Activity: Of the lines in the material below, print only those from the one containing "Temecula Wine Country" to the one containing "InFocus Replacement Lamp", ends included, exactly as written and without pictures.

[Supplied material — start]

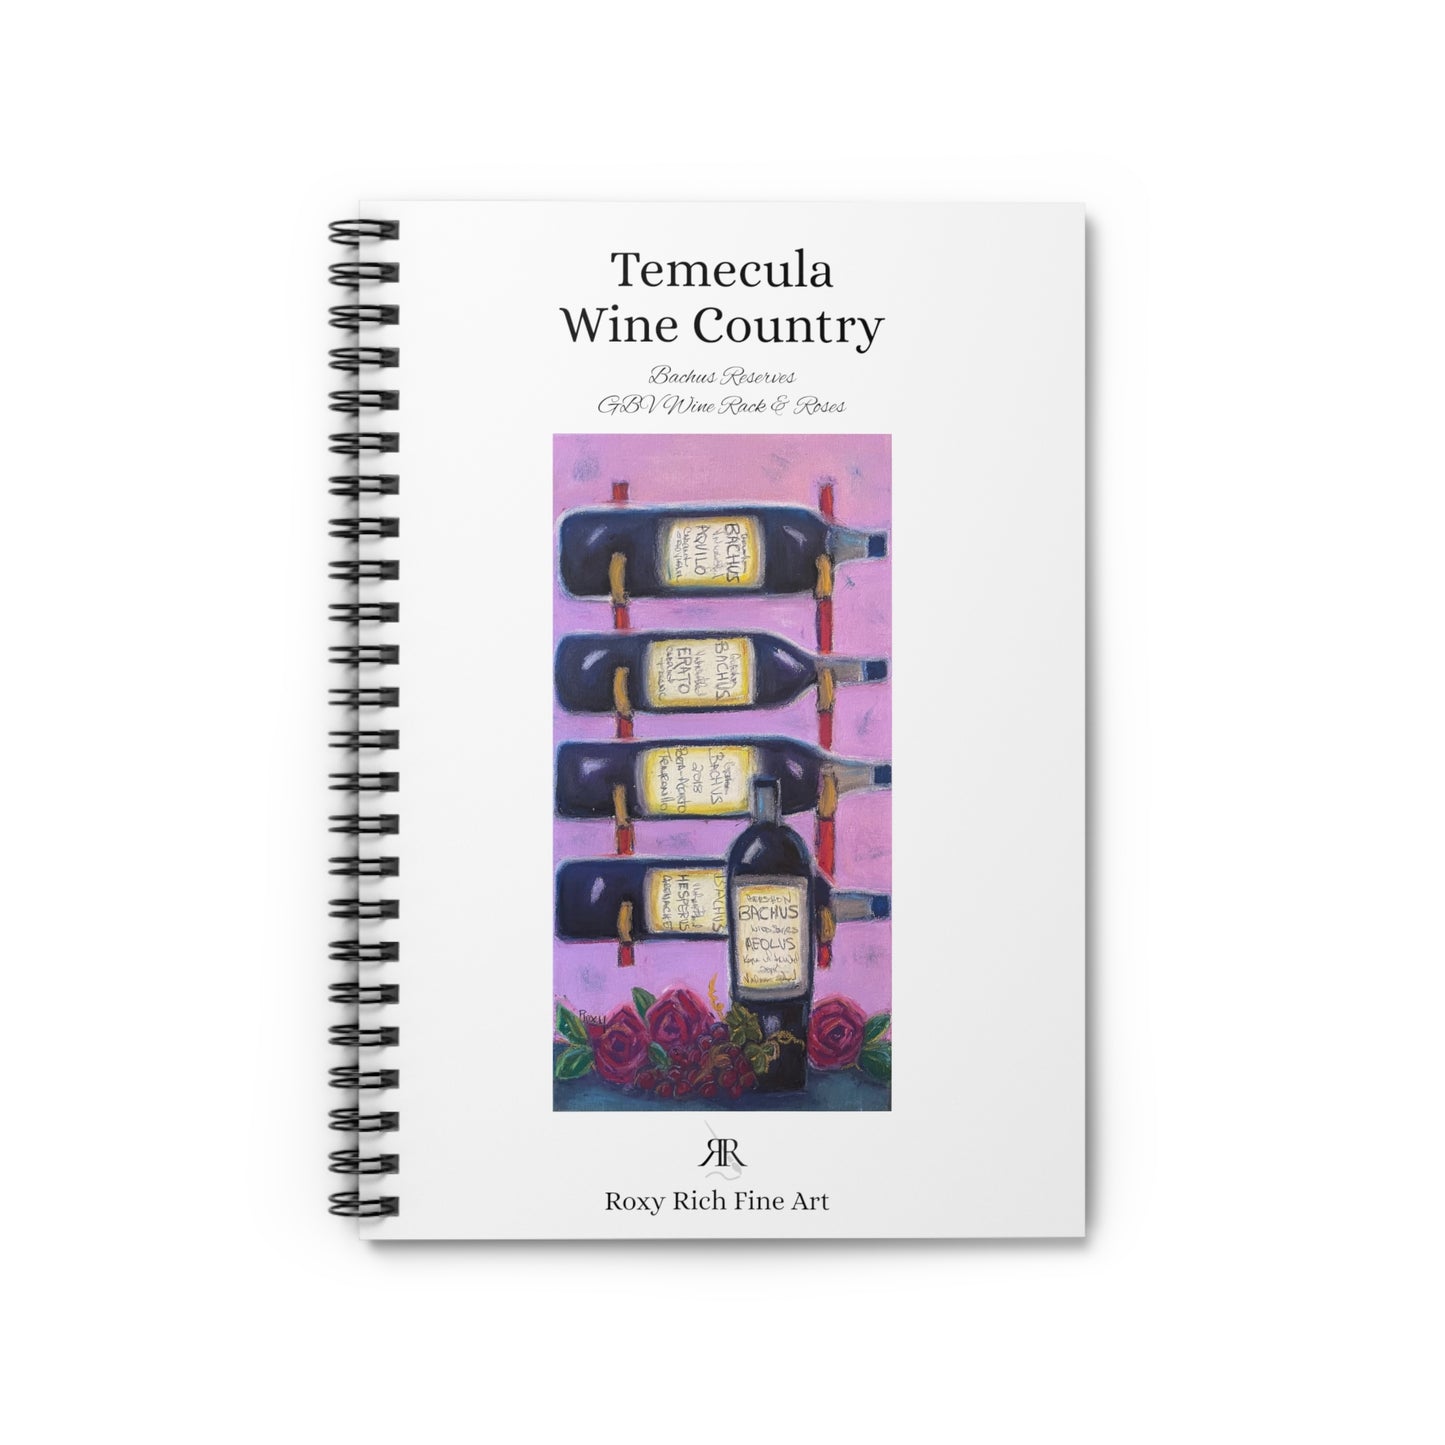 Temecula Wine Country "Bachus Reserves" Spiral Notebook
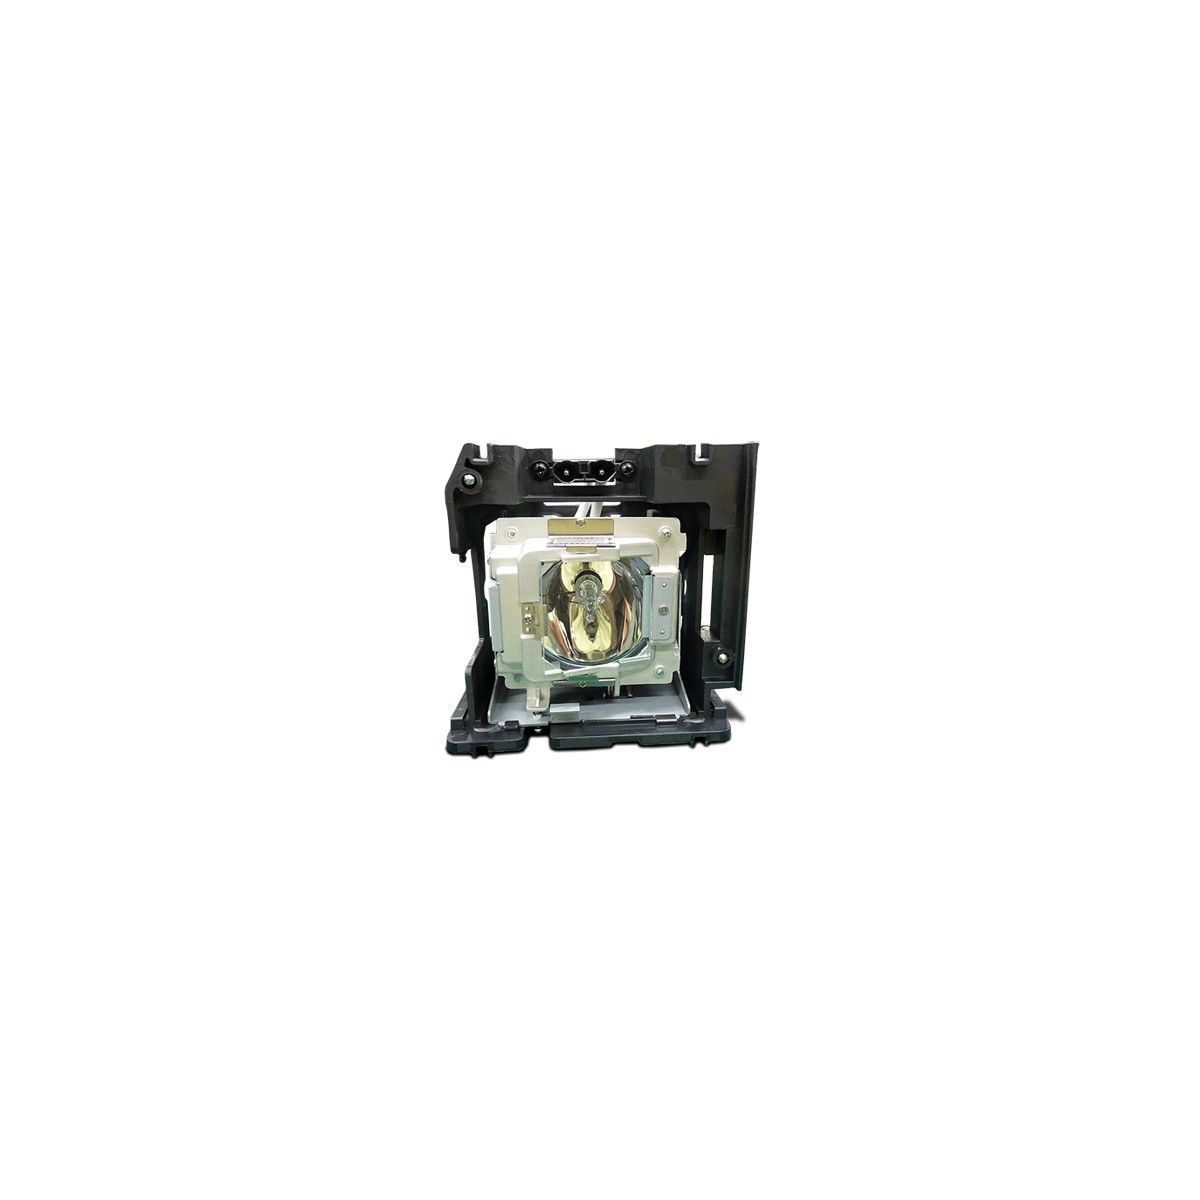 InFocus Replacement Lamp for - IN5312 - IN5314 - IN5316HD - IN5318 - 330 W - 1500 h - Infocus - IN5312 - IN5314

[Supplied material — finish]
[Supplied material — start]

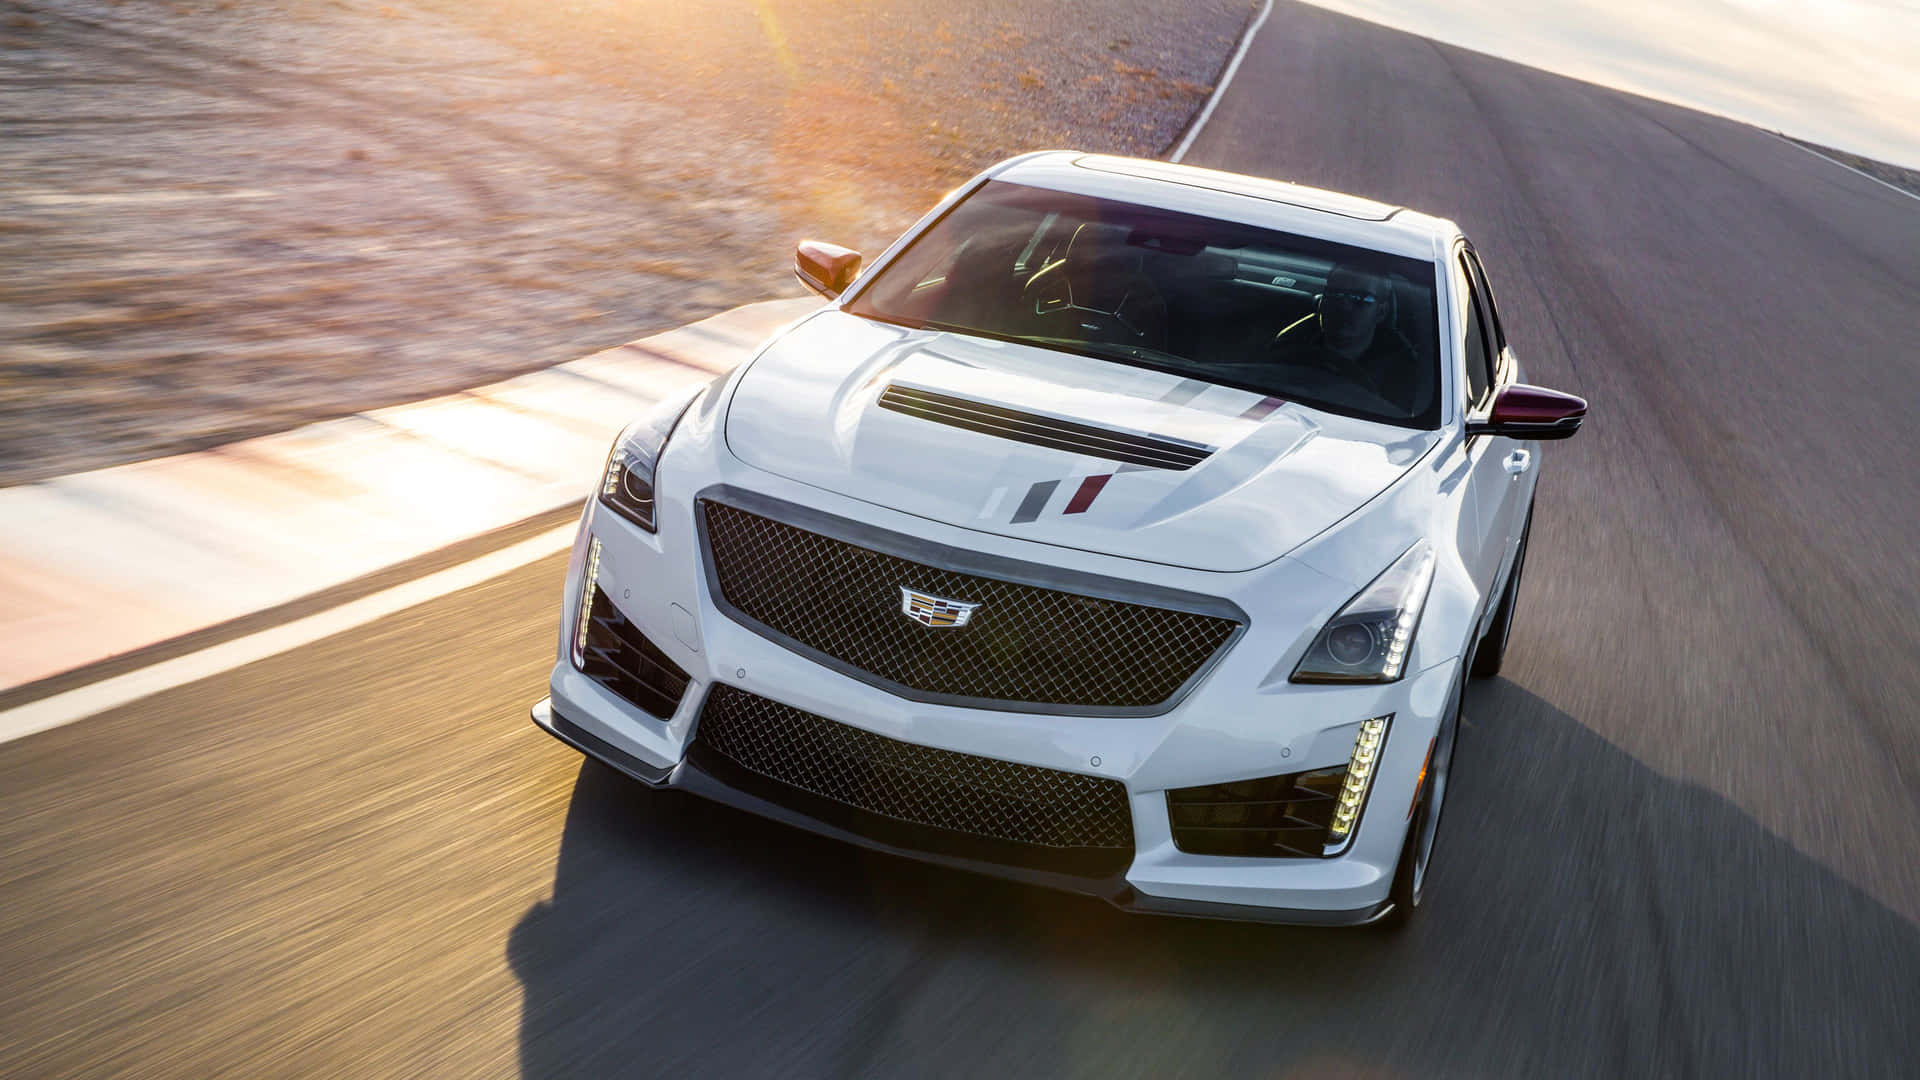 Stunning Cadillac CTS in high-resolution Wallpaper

[Supplied material — finish]
[Supplied material — start]

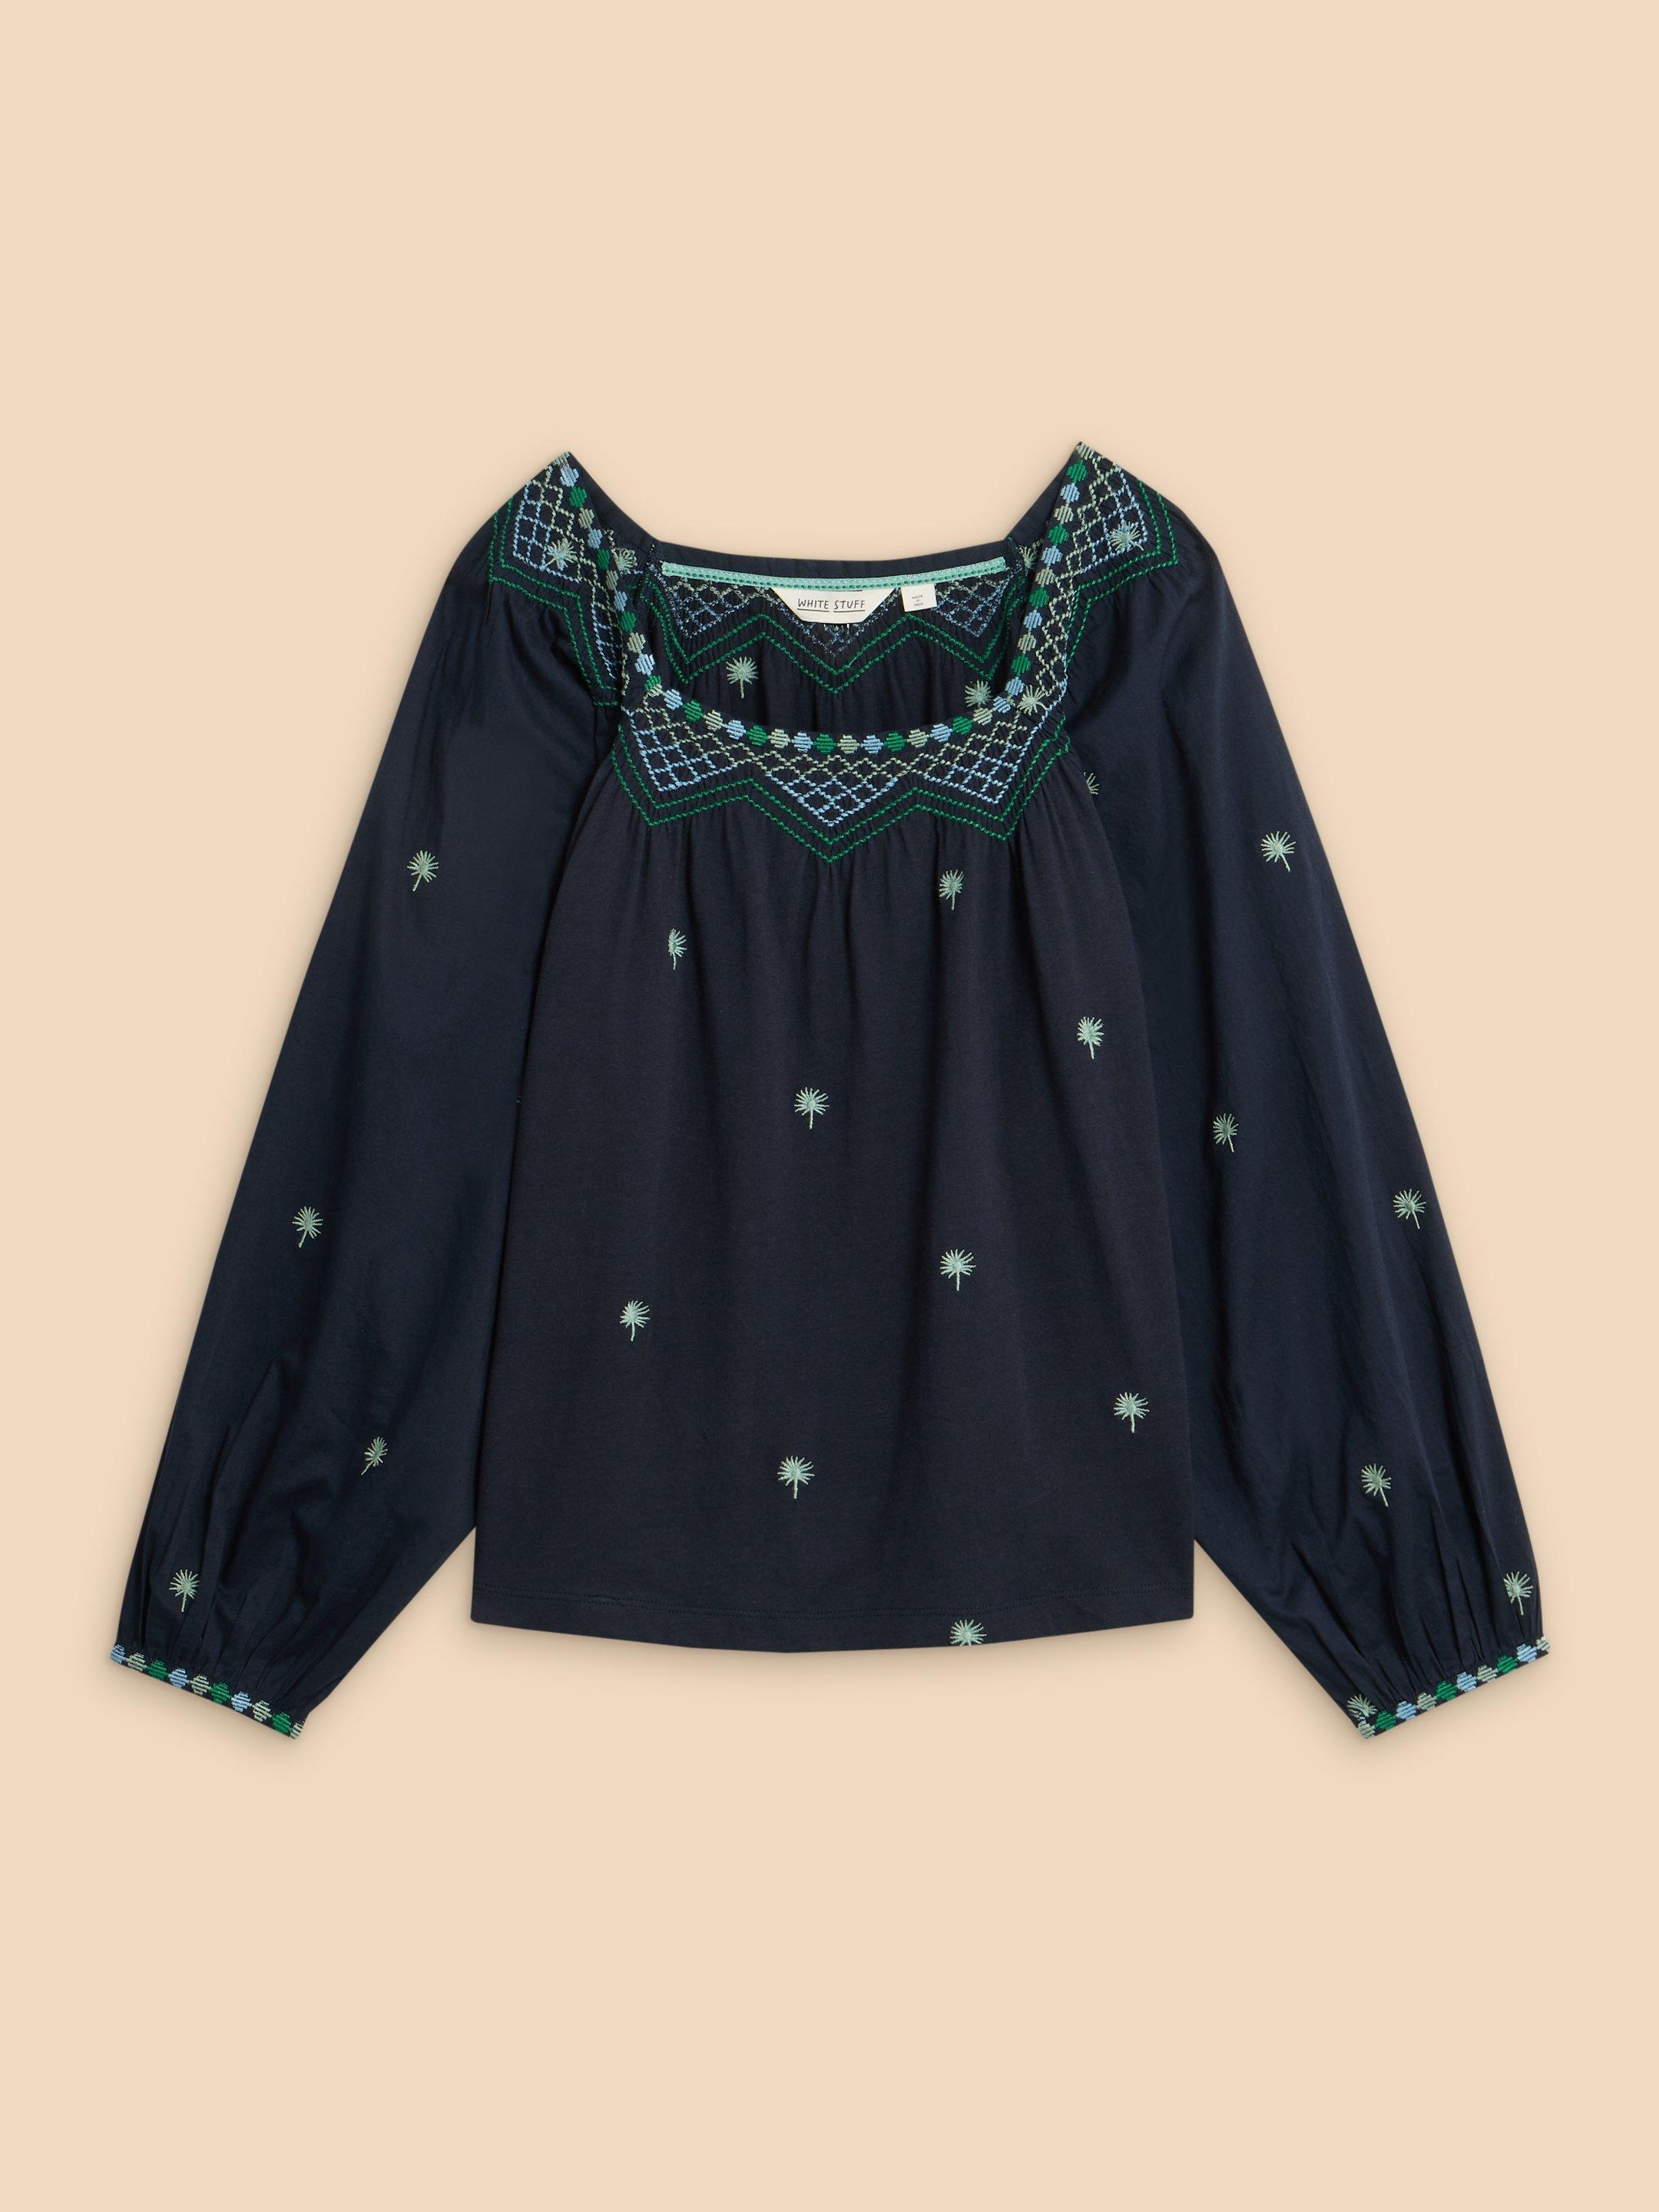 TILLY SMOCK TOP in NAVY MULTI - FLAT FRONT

[Supplied material — finish]

Exercise result:
 Temecula Wine Country "Bachus Reserves" Spiral Notebook
 InFocus Replacement Lamp for - IN5312 - IN5314 - IN5316HD - IN5318 - 330 W - 1500 h - Infocus - IN5312 - IN5314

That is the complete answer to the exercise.